▶ _Exercise data_
● ● ● ● ● ● ●

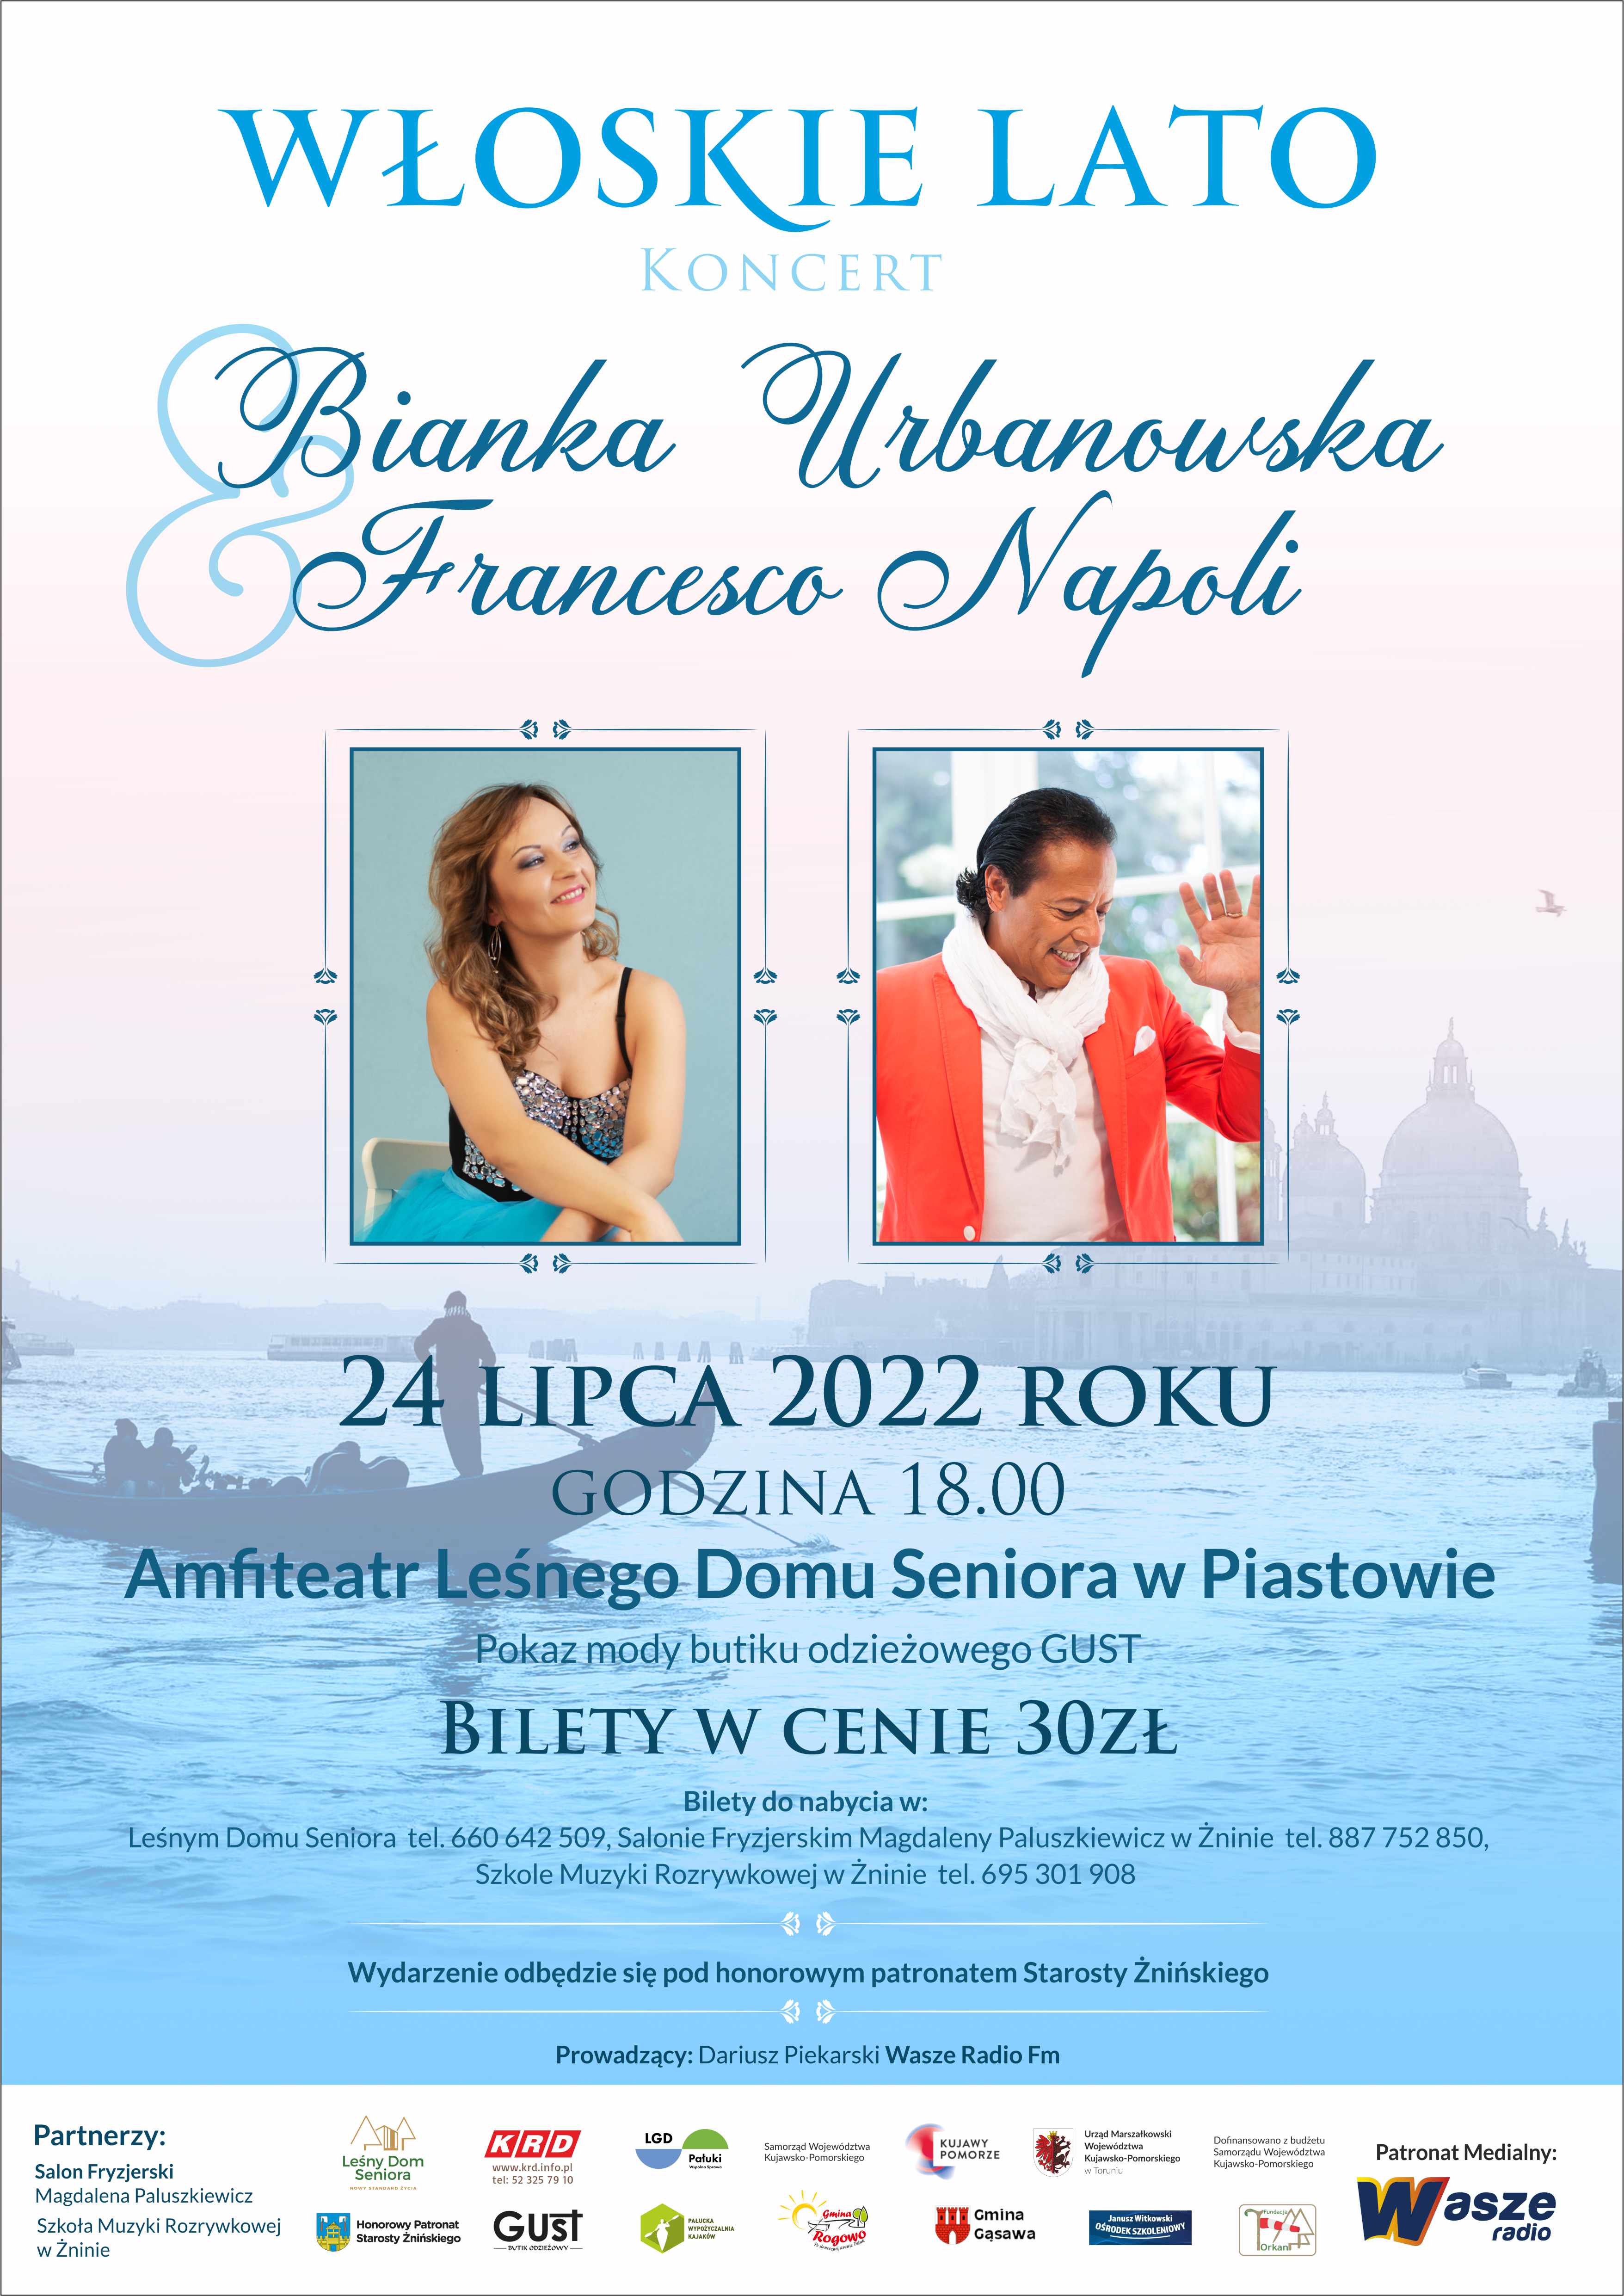 Koncert Włoskie Lato - 24 lipca 2022 roku - godzina 18:00 - Leśny Dom Seniora w Piastowie
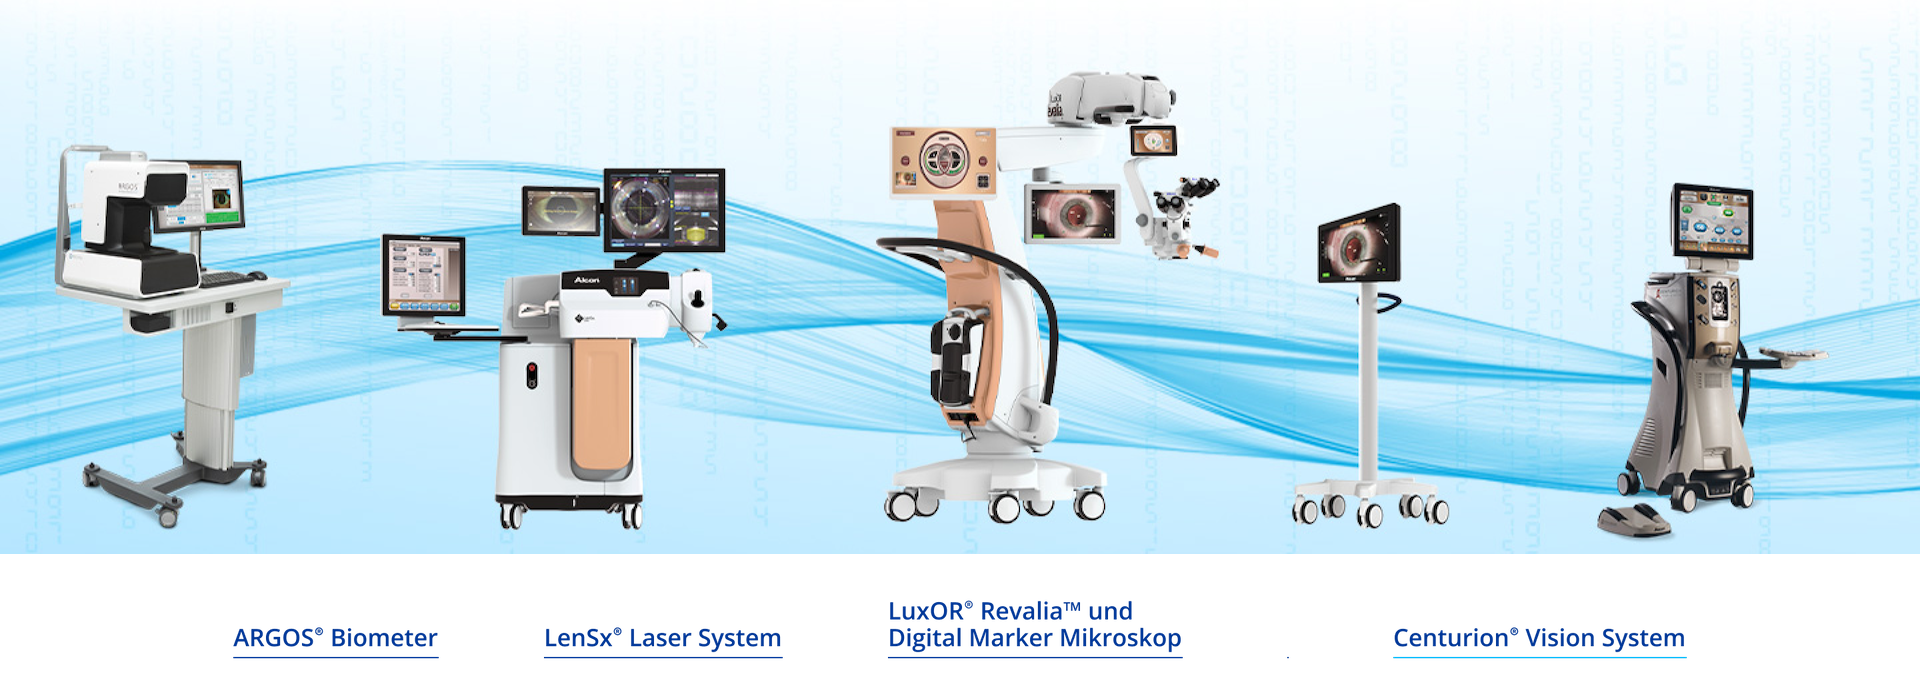 Ein Bild, das die einzelnen chirurgischen Geräte von Alcon zeigt. Das ARGOS Biometer, LenSx Laser System, LuxOR Revalia Mikroskop, Verion Digital Marker, Centurion Vision System, ORA SYSTEM Intraoperatives Abberometer.
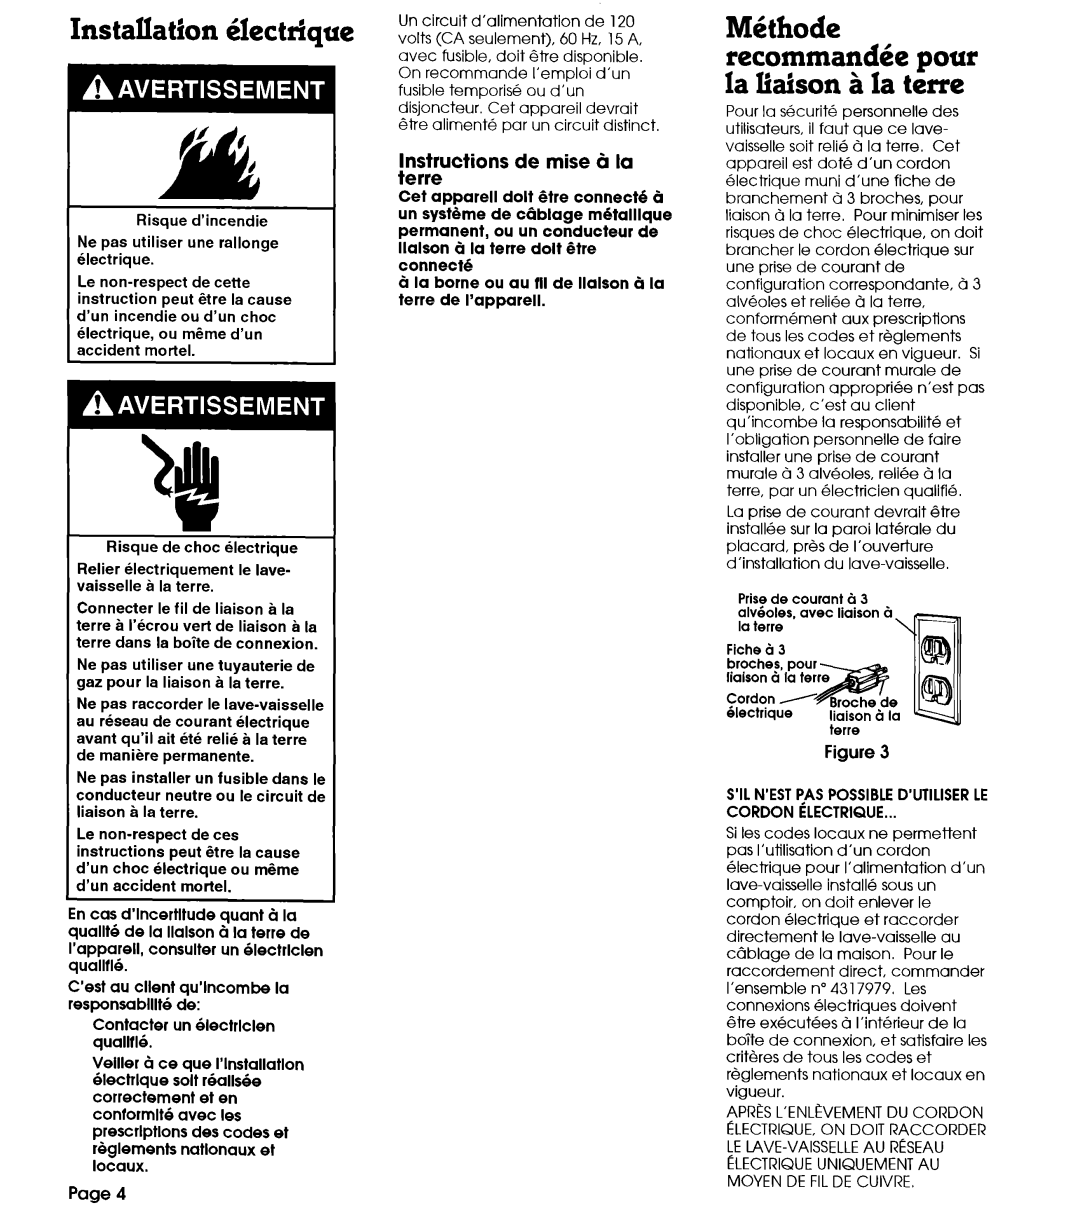 Whirlpool 801 installation instructions M&ode recommandke pour la liaison B la terre, Instructions de mise B la terre

● ● ● ● ● ● ●

▶ _Exercise requirements_
Please give back every line above exactly as it stands, without pictures.

▶ _Result of the exercise_
 Koncert Włoskie Lato - 24 lipca 2022 roku - godzina 18:00 - Leśny Dom Seniora w Piastowie
 Ein Bild, das die einzelnen chirurgischen Geräte von Alcon zeigt. Das ARGOS Biometer, LenSx Laser System, LuxOR Revalia Mikroskop, Verion Digital Marker, Centurion Vision System, ORA SYSTEM Intraoperatives Abberometer.
 Whirlpool 801 installation instructions M&ode recommandke pour la liaison B la terre, Instructions de mise B la terre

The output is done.